UTS remains the top-ranked "young" Australian university and has leapt from 14th to 8th in the world with the release today of the 2016/2017 QS Top 50 Under 50.
Earlier this month UTS jumped to 193 in the world in the overall QS World University Rankings, which considers more than 3,800 universities around the globe.
However, QS also does a ranking of the world's top 50 universities established within the past 50 years, known as the QS Top 50 Under 50, which it calls the "ones to watch – the young universities making an impressive impact on the global rankings tables. Spread across the planet, these fast-rising institutions stand out for their rapid progress across the board – from influential research production to high levels of recognition within the academic community and beyond."
UTS Vice-Chancellor Professor Attila Brungs said being regarded within the top 10 universities worldwide under the age of 50 was an outstanding result given UTS is just 28 years of age.
"Rankings each have their strengths and weaknesses, and you can go up and down. We do not set our strategic course by them, but it is positive that the general trend for UTS is on the way up.
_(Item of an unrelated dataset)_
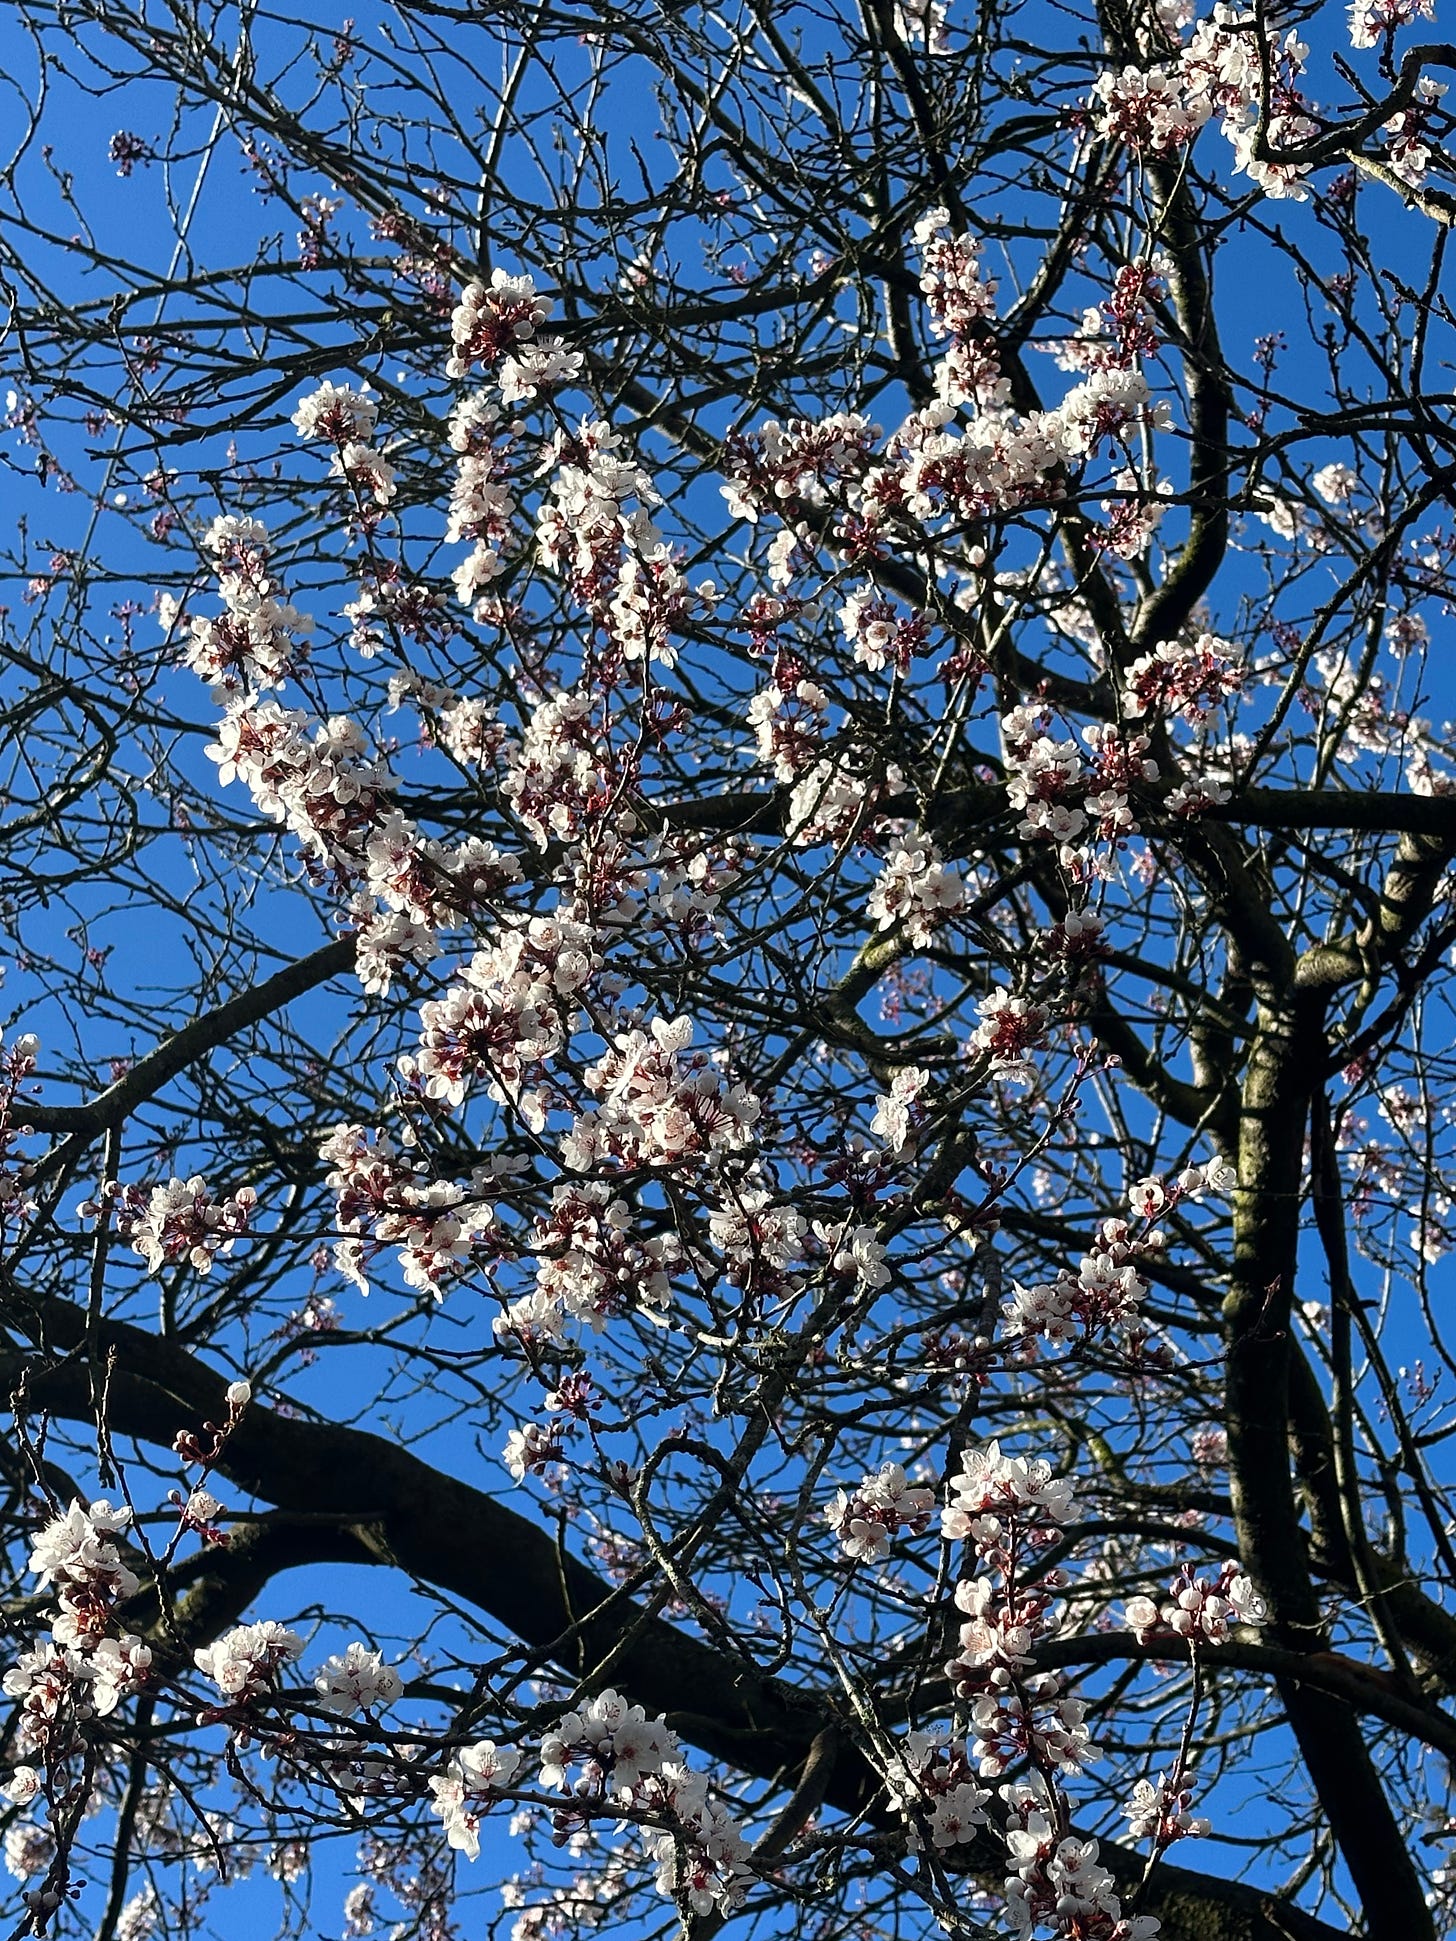 Image shows a blosson tree with pink blossom and a bright blue sky

Given the reputational survey component of the QS rankings, this at the very least says to me that UTS is becoming increasingly well known internationally among academics and employers," he said.
"That is a pleasing reflection on the quality of our teaching and research, and on the high quality of our graduates."
Overall the 2016/2017 QS Top 50 Under 50 found that Australia is home to more of the world's strongest recently-formed institutions than any other nation, with all of the Australian Technology Network (ATN) universities (of which UTS is a member) in the top 50 and three now in the top 20.
QS's Head of Research Ben Sowter said, "The correlation between the prominence of universities from both Australia and Asia, and the prominence of innovative tech-focused institutions, is especially strong in this year's rankings.
"The trend suggests that young universities with the resources and willingness to focus on creating and maintaining strong STEM-based research programs stand by far the best chance of disrupting any established global elite."